[comp.unix.wizards] of course!

maart@cs.vu.nl (Maarten Litmaath) (11/14/89)

In article <17264@rpp386.cactus.org> jfh@rpp386.cactus.org (John F. Haugh II) writes:
\...
\	isadir (char *path)
\	{
\		char dir[PATH_MAX];
\
\		if (access (path, 0))
\			return 0;
\
\		strcpy (dir, path);
\		strcat (dir, "/x");
\
\		errno = 0;
\		access (dir, 0);
\
\		return errno == 0 || errno == ENOENT;
\	}
\
\We know all of the initial path exists because of the first access()
\call.

Can you say `race condition'?

\And with the second access() call we can discover if the
\last component of `path' isn't a directory since errno would be ENOTDIR
\rather than ENOENT.

	isadir(char *path)
	{
		char dir[PATH_MAX];

		strcpy(dir, path);
		strcat(dir, "/.");

		return access(dir, 0);
	}
-- 
"Richard Sexton is actually an AI program (or Construct, if you will) running
on some AT&T (R) 3B" (Richard Brosseau) | maart@cs.vu.nl, mcsun!botter!maart

jfh@rpp386.cactus.org (John F. Haugh II) (11/14/89)

In article <4526@ski.cs.vu.nl> maart@cs.vu.nl (Maarten Litmaath) writes:
>In article <17264@rpp386.cactus.org> jfh@rpp386.cactus.org (John F. Haugh II) writes:
>\We know all of the initial path exists because of the first access()
>\call.
>
>Can you say `race condition'?

Any number of suitably paranoid conditions exist.

>	isadir(char *path)
>	{
>		char dir[PATH_MAX];
>
>		strcpy(dir, path);
>		strcat(dir, "/.");
>
>		return access(dir, 0);
>	}

On the other hand, not all file systems are going to contain `.' and
`..'.  However, all file systems in the UNIX domain do include files
with names like `x' inside of subdirectories ;-)
-- 
John F. Haugh II                        +-Things you didn't want to know:------
VoiceNet: (512) 832-8832   Data: -8835  | The real meaning of EMACS is ...
InterNet: jfh@rpp386.cactus.org         |   ... EMACS makes a computer slow.
UUCPNet:  {texbell|bigtex}!rpp386!jfh   +--<><--<><--<><--<><--<><--<><--<><---

gwc@root.co.uk (Geoff Clare) (11/20/89)

In article <17303@rpp386.cactus.org> jfh@rpp386.cactus.org (John F. Haugh II) writes:
>>	isadir(char *path)
>>	{
>>		char dir[PATH_MAX];
>>
>>		strcpy(dir, path);
>>		strcat(dir, "/.");
>>
>>		return access(dir, 0);
>>	}
>
>On the other hand, not all file systems are going to contain `.' and `..'.

They don't have to *contain* `.' and `..' for this to work, they only
have to interpret them correctly in pathnames.  The pathname resolution
rules in POSIX.1 guarantee this behaviour.

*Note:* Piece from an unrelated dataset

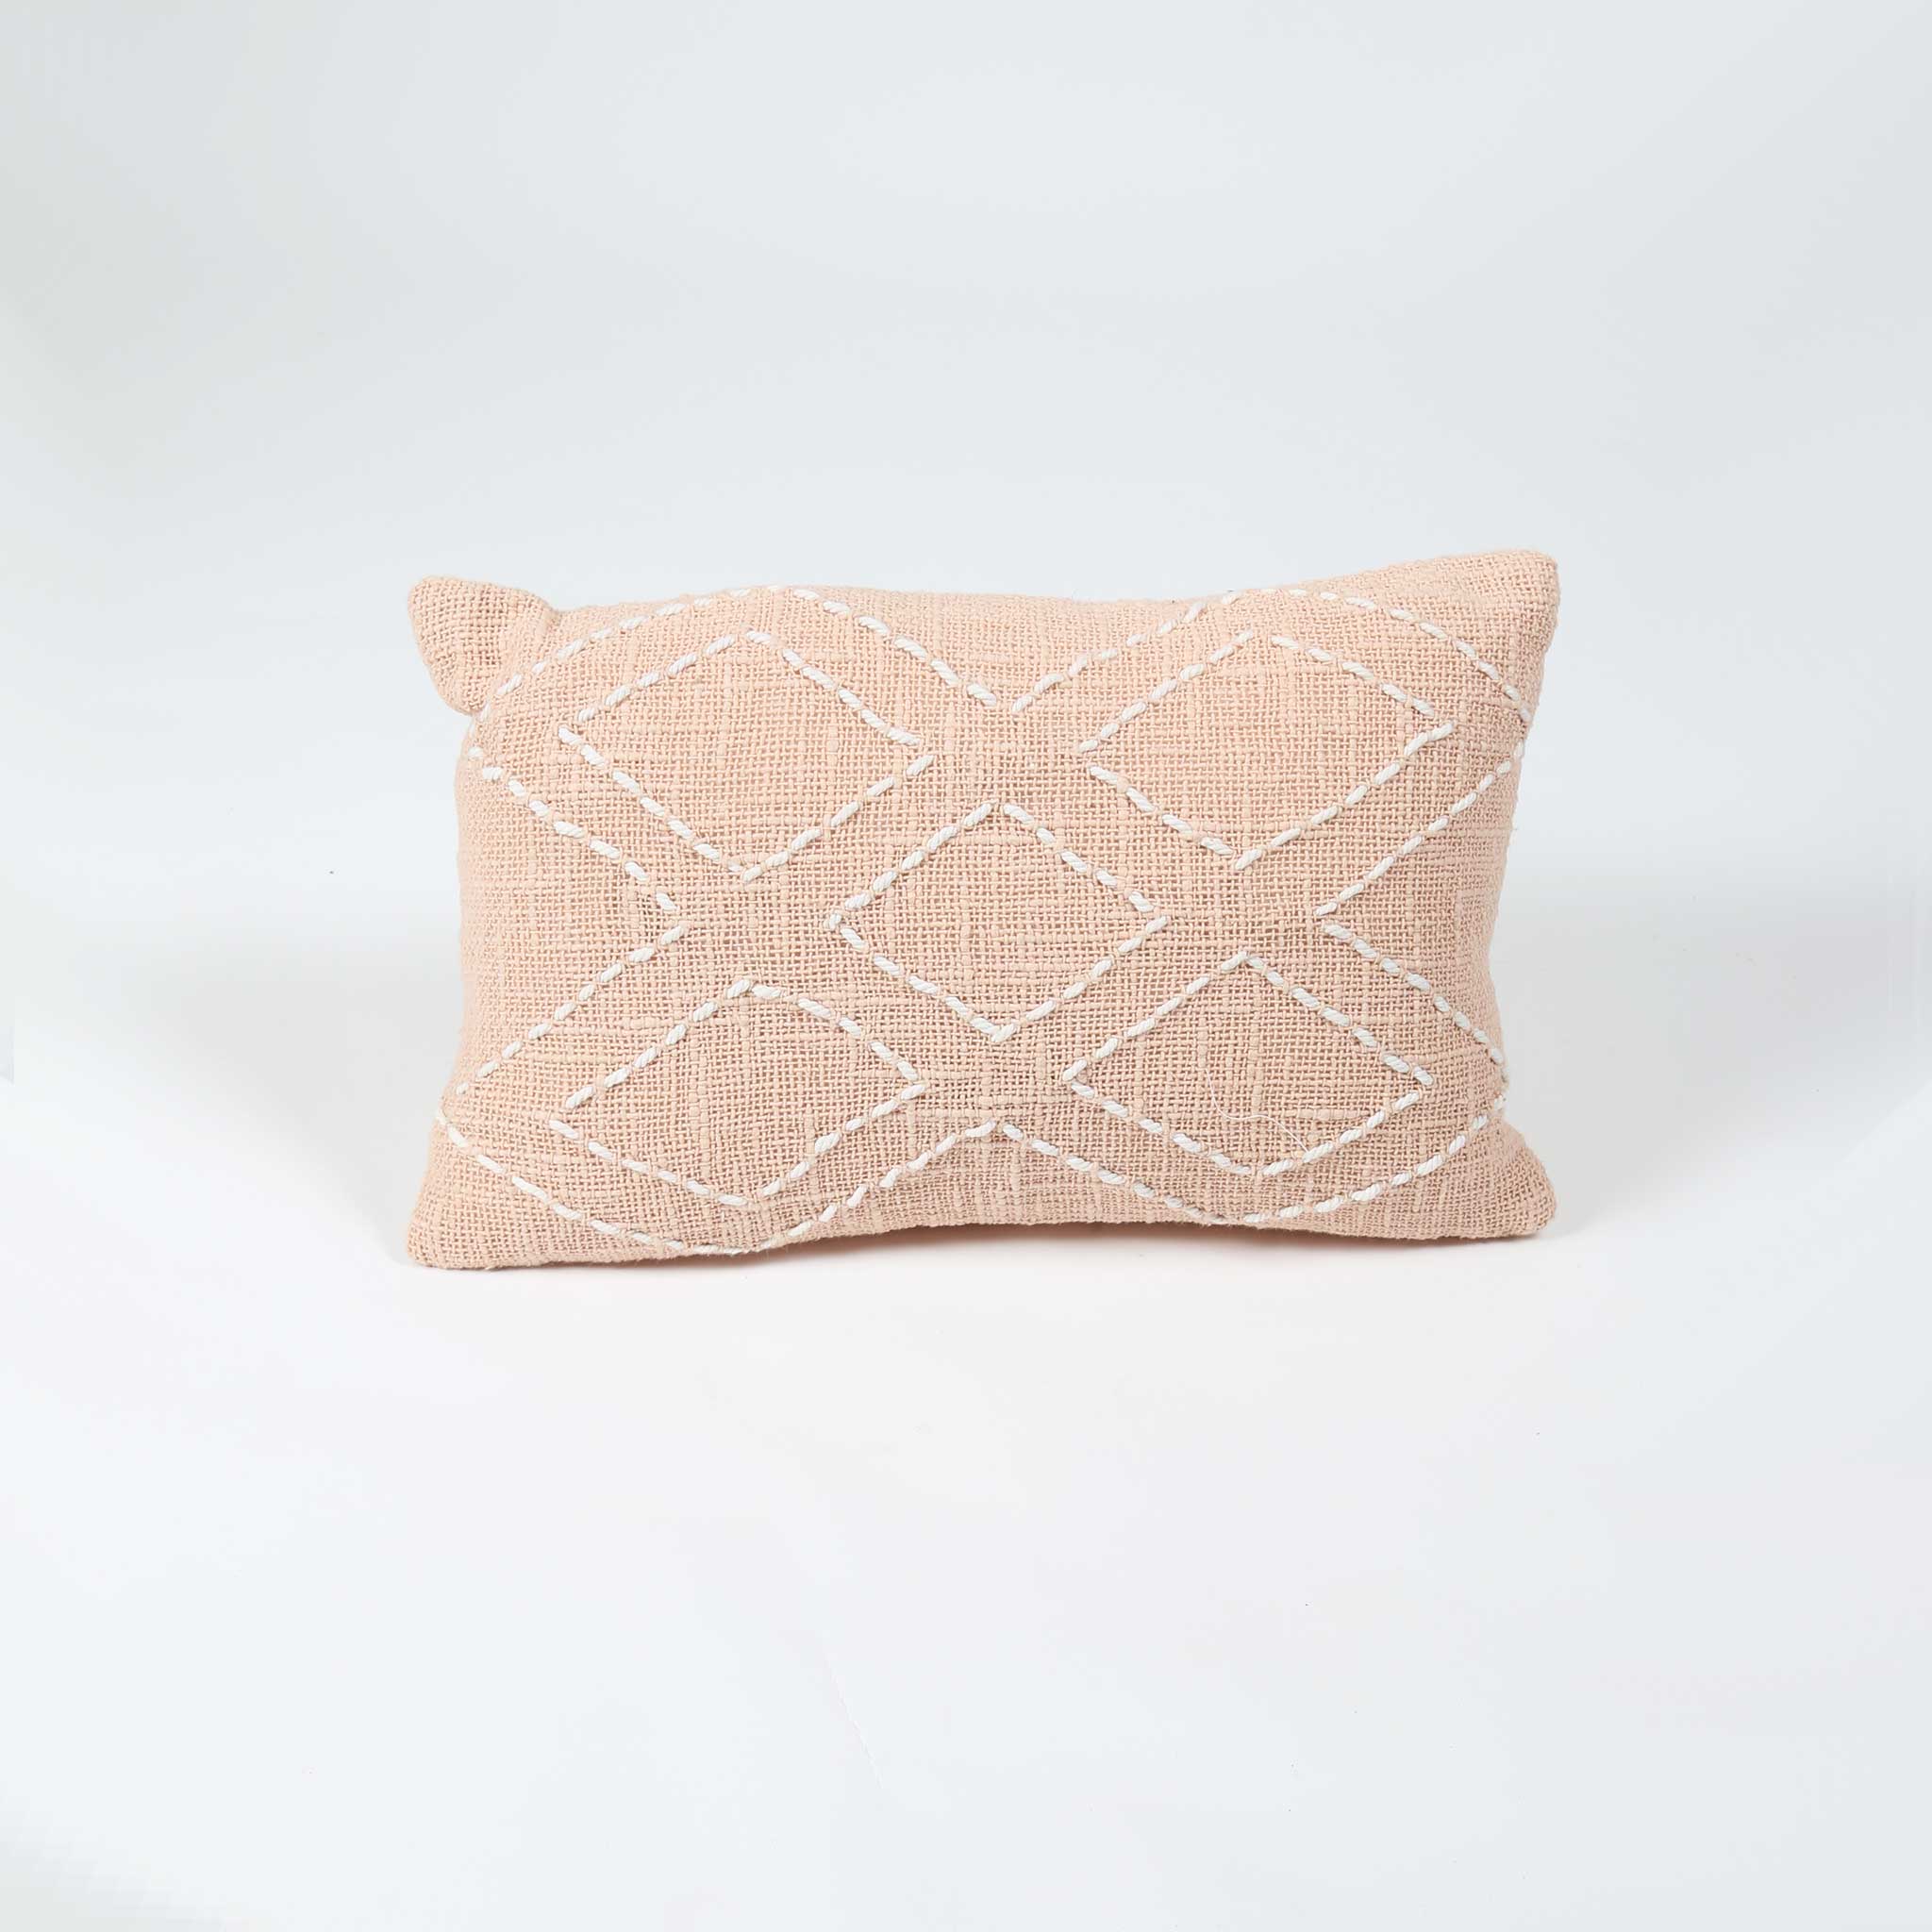 Blush Pink Cotton Cushion Cover with Cross Pattern Stitching

The fact that the strcat() may write past the end of dir[] is more of
a problem.  Another is that PATH_MAX might not be defined (it should
always be obtained via pathconf() in portable applications).  Anyway,
using a maximum length array is rather wasteful - malloc(strlen(path)+3)
would be much better all round.
-- 
Geoff Clare, UniSoft Limited, Saunderson House, Hayne Street, London EC1A 9HH
gwc@root.co.uk  (Dumb mailers: ...!uunet!root.co.uk!gwc)  Tel: +44-1-315-6600

jik@athena.mit.edu (Jonathan I. Kamens) (11/23/89)

In article <1051@root44.co.uk> gwc@root.co.uk (Geoff Clare) writes:
=>>	isadir(char *path)
=>>	{
=>>		char dir[PATH_MAX];
=>>
=>>		strcpy(dir, path);
=>>		strcat(dir, "/.");
=>>
=>>		return access(dir, 0);
=>>	}
=The fact that the strcat() may write past the end of dir[] is more of
=a problem.

  Yes, this is definitely a problem.  There should be a check on the
length of path before strcat'ing onto the end of it.

=            Another is that PATH_MAX might not be defined (it should
=always be obtained via pathconf() in portable applications).

  Not convinced this is a major problem.  I've yet to run into a Unix
programming environment that doesn't somewhere in a header file give
you some indication of the maximum path length, although that may be
just my limit Unix experience talking.  I also don't know about
non-Unix C libraries....

=                                                              Anyway,
=using a maximum length array is rather wasteful - malloc(strlen(path)+3)
=would be much better all round.

  This, I must completely disagree with.

  An automatic variable of a procedure is placed on the stack (with
the rest of the procedure's stack frame) when the procedure is called,
and is removed from the stack when the procedure exits.  Unless the
program is using *lots* of memory and stack space, there is very
little likelihood of overflowing the stack.  Furthermore, all of this
allocation is done down at the machine instruction level, not up in
user-written code.

  Malloc, on the other hand, is user code,  It allocates memory that
is part of the data area of the program, and it takes more time than a
procedure call would take to do this *because* it is user code.
Furthermore, if the program's data area isn't big enough to hold the
malloc'd memory, malloc has to increase the datasize, and the data
size will NOT decrease, even after free has been called on the string.
Furthermore, a malloc is far more likely (in my experience) to cause a
program to run out of memory than a procedure call is.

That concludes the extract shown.